You are correct, you scan the flat file.

If you installed the tool with the NetApp VSC or the HUK version 5.1 or greater NetApp will provide support on the tool now as well. You may give them a shot or also try the NetApp Communities link listed in the article. I haven't tried in awhile but maybe Eric (original author of the tool) may be able to help you out a little more. Good Luck!

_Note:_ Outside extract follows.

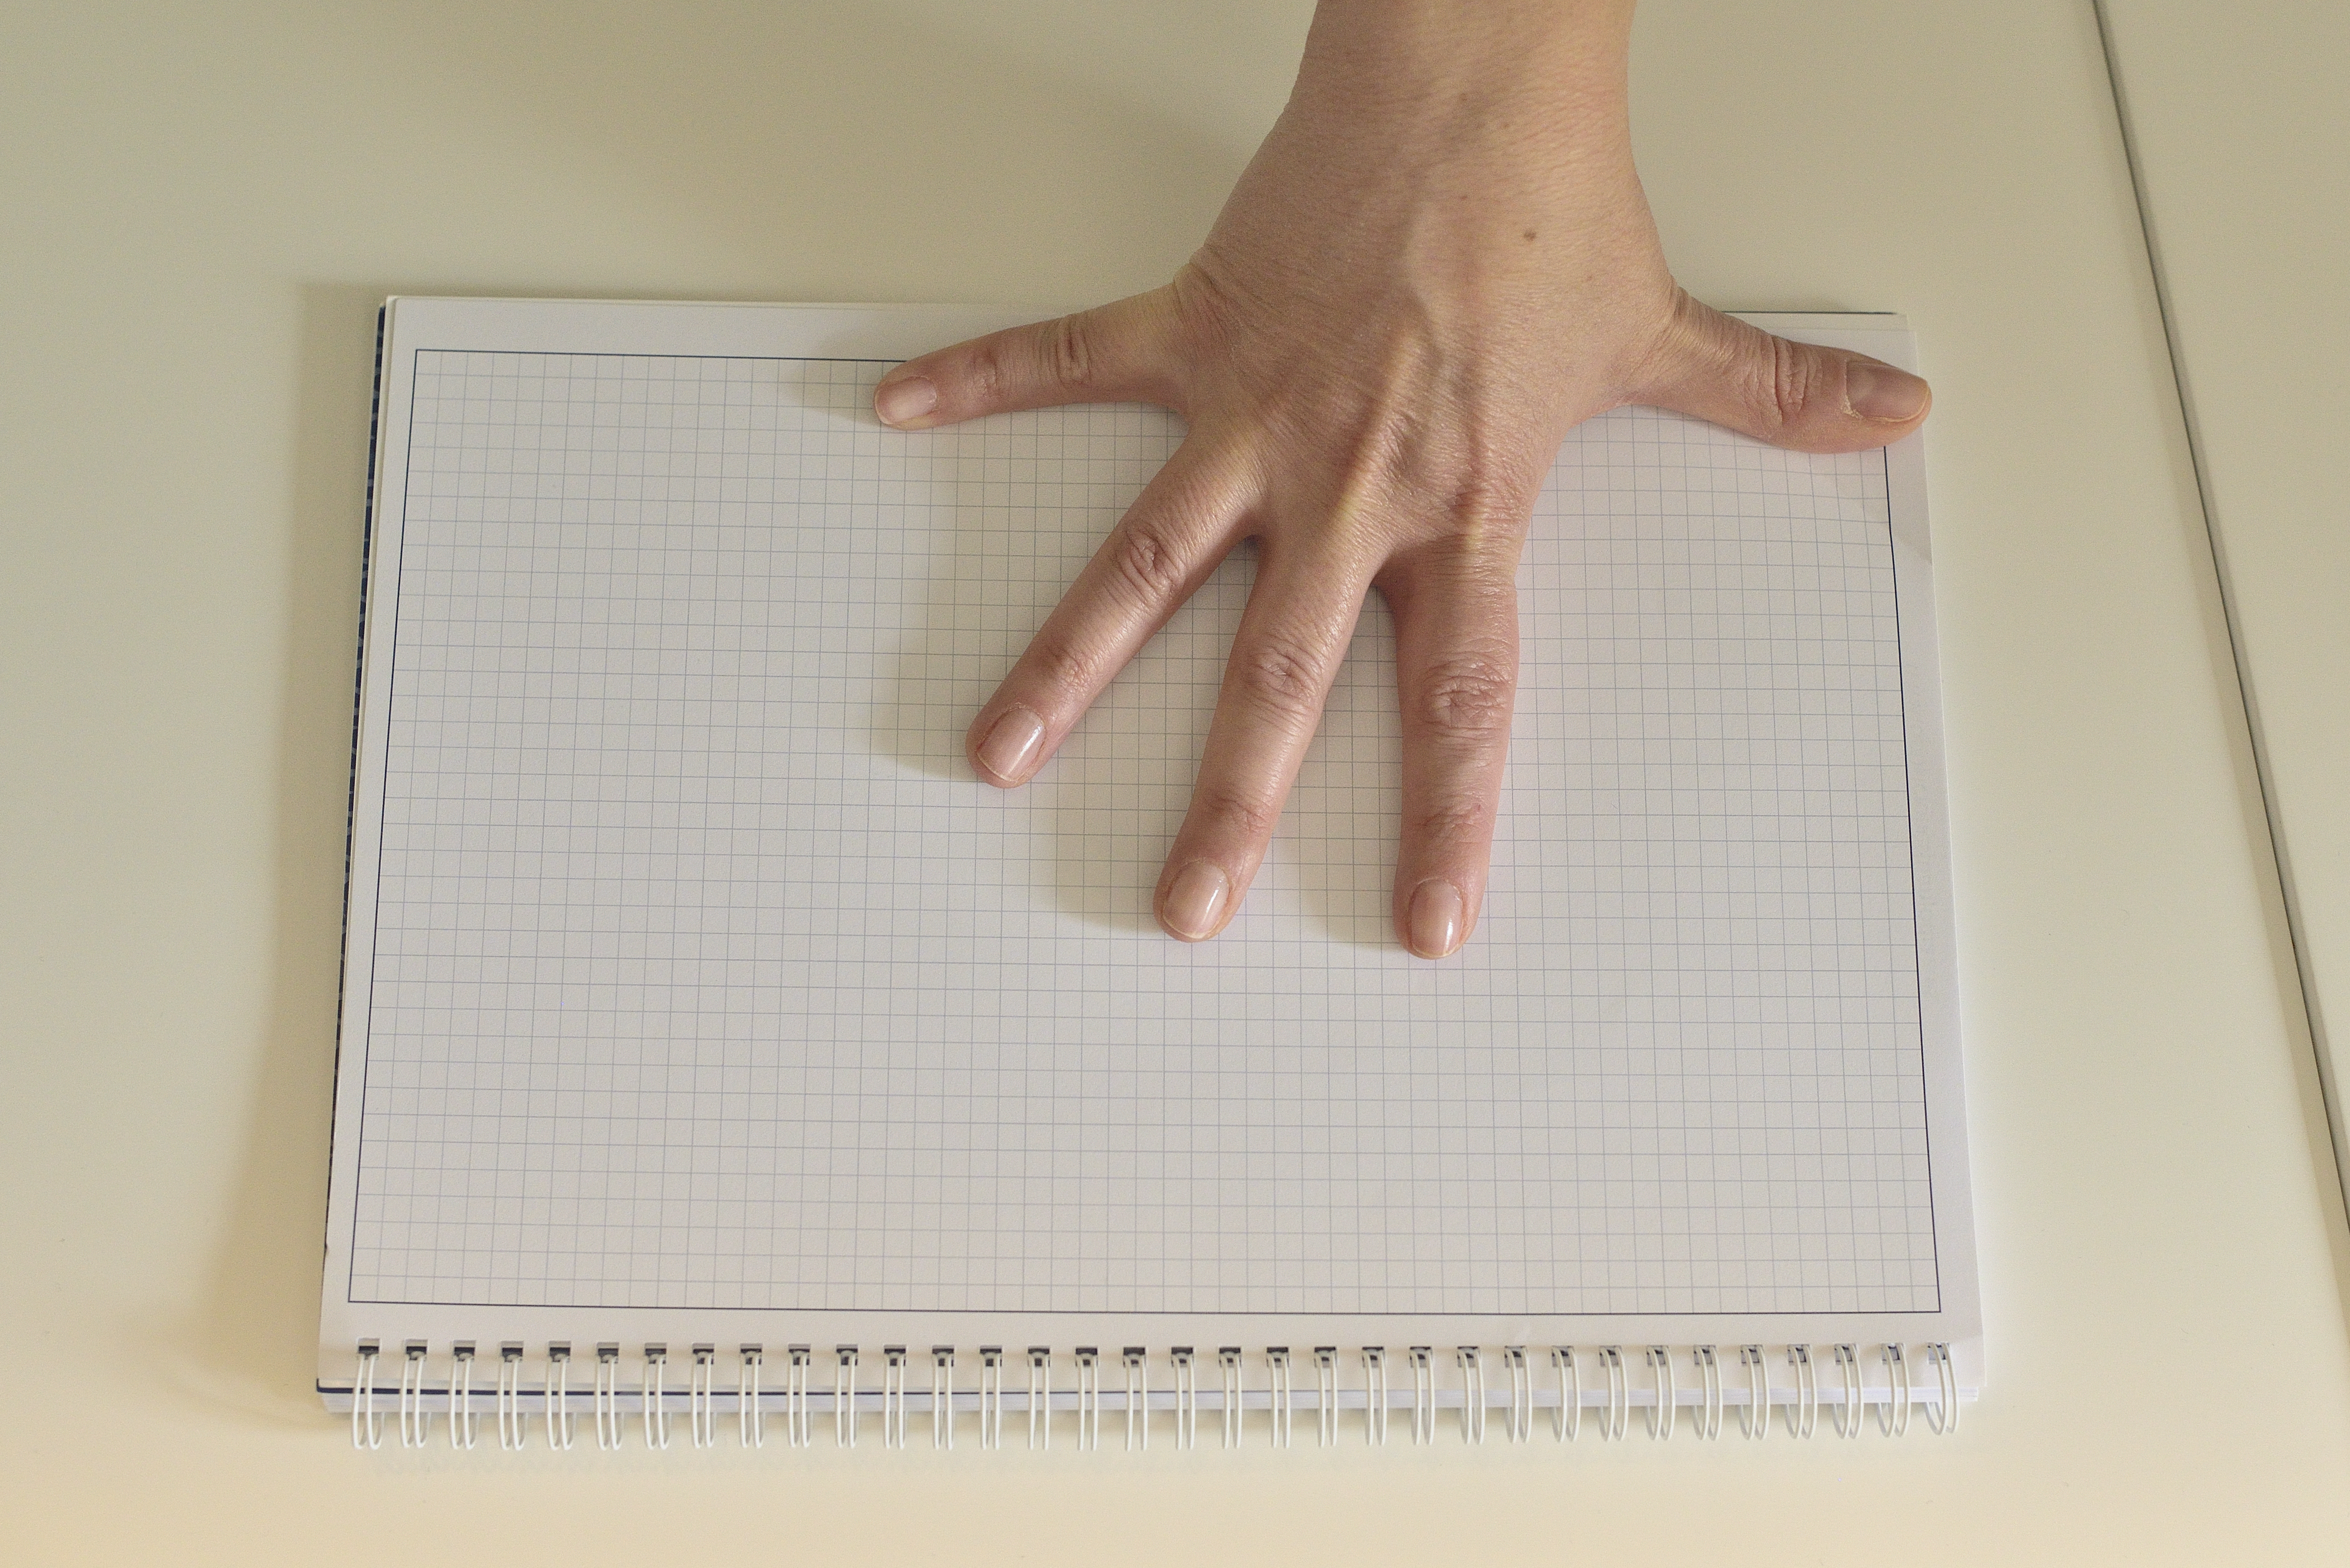 La imagen muestra una mano abierta en forma de palmo, que está midiendo un cuaderno que hay debajo

Oh, about the scripts. I see if I can dig them up and I'll post them on a separate post later this week.

Thanks!

Masa said...

Hi, Aaron,

I finally figured out what I was doing wrong. Our environment has many ESX hosts with several shared storage accessible by all of these ESX hosts, and this mbrscan or mbralign --scan requires to be run against the *-flat.vmdk file on the ESX host which is hosting the VM's configuration file, .vmx. I don't remember reading this in documentation, but I probably missed it somewhere. I was initially thinking mbrscan could be run on any hosts to any shared *-flat.vmdk files, but that doesn't appear to be the case. Once I determined the correct ESX hosts with vmware-cmd -l, I was able to get mbrscan running for VMs that were currently running with snapshots. I plan on scripting the rest tomorrow.

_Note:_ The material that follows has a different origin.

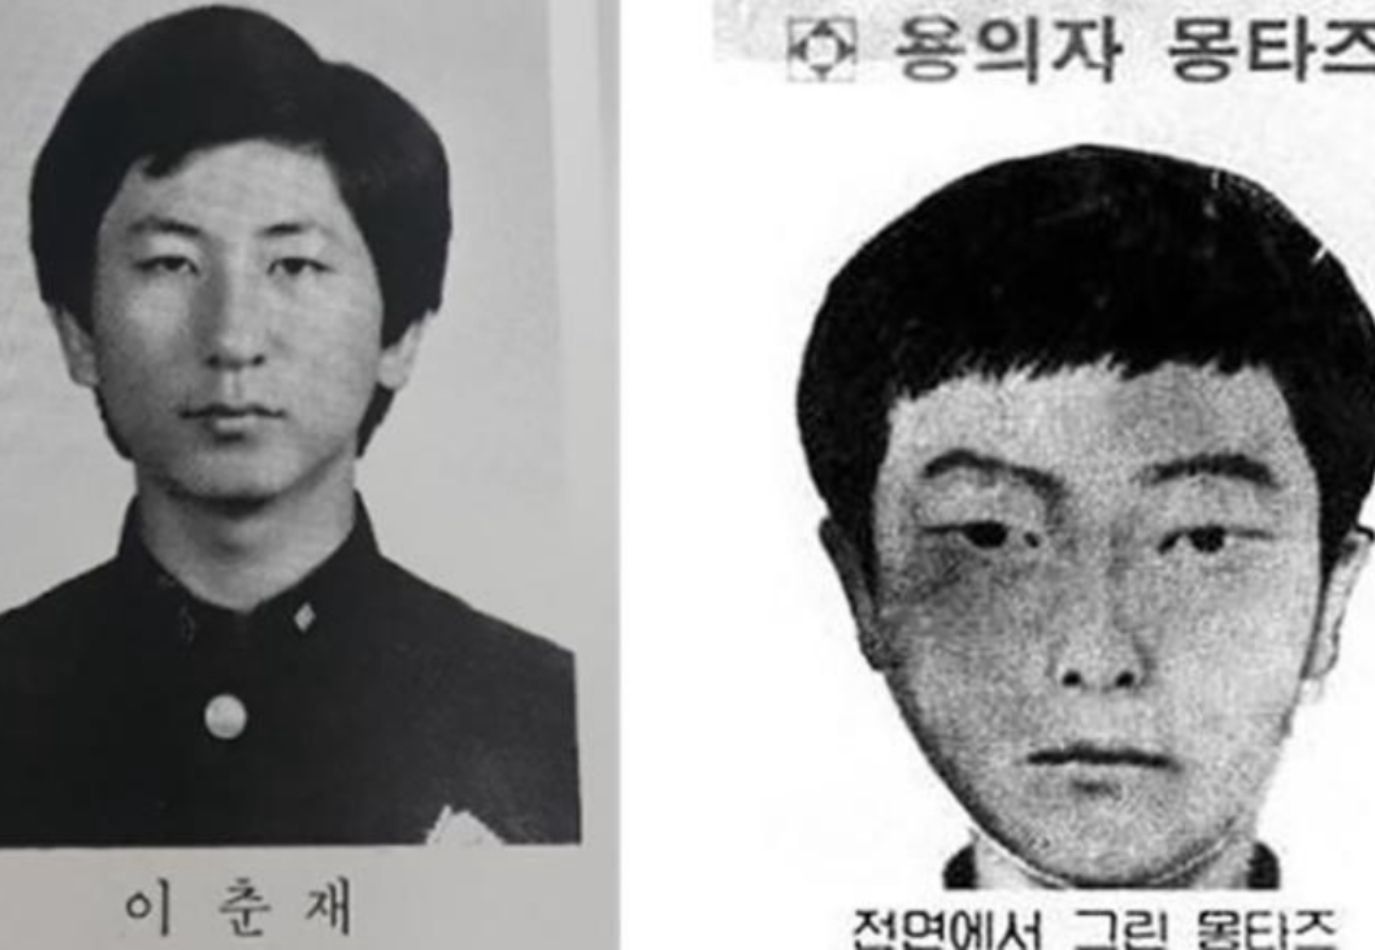 Tajemnicza sprawa morderstw w Korei rozwiązana po 30 latach

Thank you again for your quick response!!

Masa said...

Hi, Aaron!

I recently encountered an issue that alignment "appears" to have failed on a W2K8 VM. I hear W2K8 should be aligned automatically, so I assume this VM may have been upgraded from W2K3.
So when I run mbralign command, it goes through all the process, and it says it completed ok. I don't get any error messages. However, when I power on the VM, the console says "Error loading operating system". Somebody was talking about driver letter change, and I removed the data disk.. so it should only have C:. Still the same error. The documentation says "Windows VM SHOULD load", but in case it doesn't, it doesn't give you anything to try like the Linux GRUB ones... The question then is "How do you recover the aligned Windows VM that does not boot?". Any info would be appreciated. Thanks!

Aaron Delp said...

Hey Masa - Is the disk a dynamic disk? Dynamic Disks don't align and will become unusable in the way you describe if you try to align them. That is the only thing I can think of. Good Luck!

Anonymous said...

Tried mbrscan and mbralign on a RH5 VM. a good tool, did alignment smoothly. But caught one issue.
disk partition overlap start/end cylinder. protential file system crash issue.

any comment?

thanks,

> Disk /dev/sda: 23.6 GB, 23622348288 bytes
> 255 heads, 63 sectors/track, 2871 cylinders Units = cylinders of 16065
> * 512 = 8225280 bytes
>
> Device Boot Start End Blocks Id System
> /dev/sda1 * 1 1045 8385898+ 83 Linux
> /dev/sda2 1045 2089 8385930 82 Linux swap
> /dev/sda3 2089 2350 2096482+ 83 Linux
> /dev/sda4 2350 2872 4192975 5 Extended
> Partition 4 does not end on cylinder boundary.
> /dev/sda5 2350 2611 2096451 83 Linux
> /dev/sda6 2611 2872 2096451 83 Linux

Aaron Delp said...

Sorry, nothing I can add on that one. My experience aligning Linux is very limited.

Masa said...

Hi, Aaron,

I was still having some issues aligning Windows VMs (basic disk), and found the following:

http://communities.vmware.com/message/1638108

""Error loading operating system" after running mbralign from EHU 5.2 on a VMDK"

Duh!!

"DESCRIPTION:
Under some circumstances, the mbralign utility that is packaged with the EHU 5.2
and VSC 2.0 may incorrectly calculate the Cylinder/Head/Sector information used
by the bootloader. When this occurs, the resulting GOS will be left in a state
that is not bootable."

The ones I was having issues in particular was WindowsXP VM. The EHU 5.2 seemed to work on Windows 2003 VM when I tried.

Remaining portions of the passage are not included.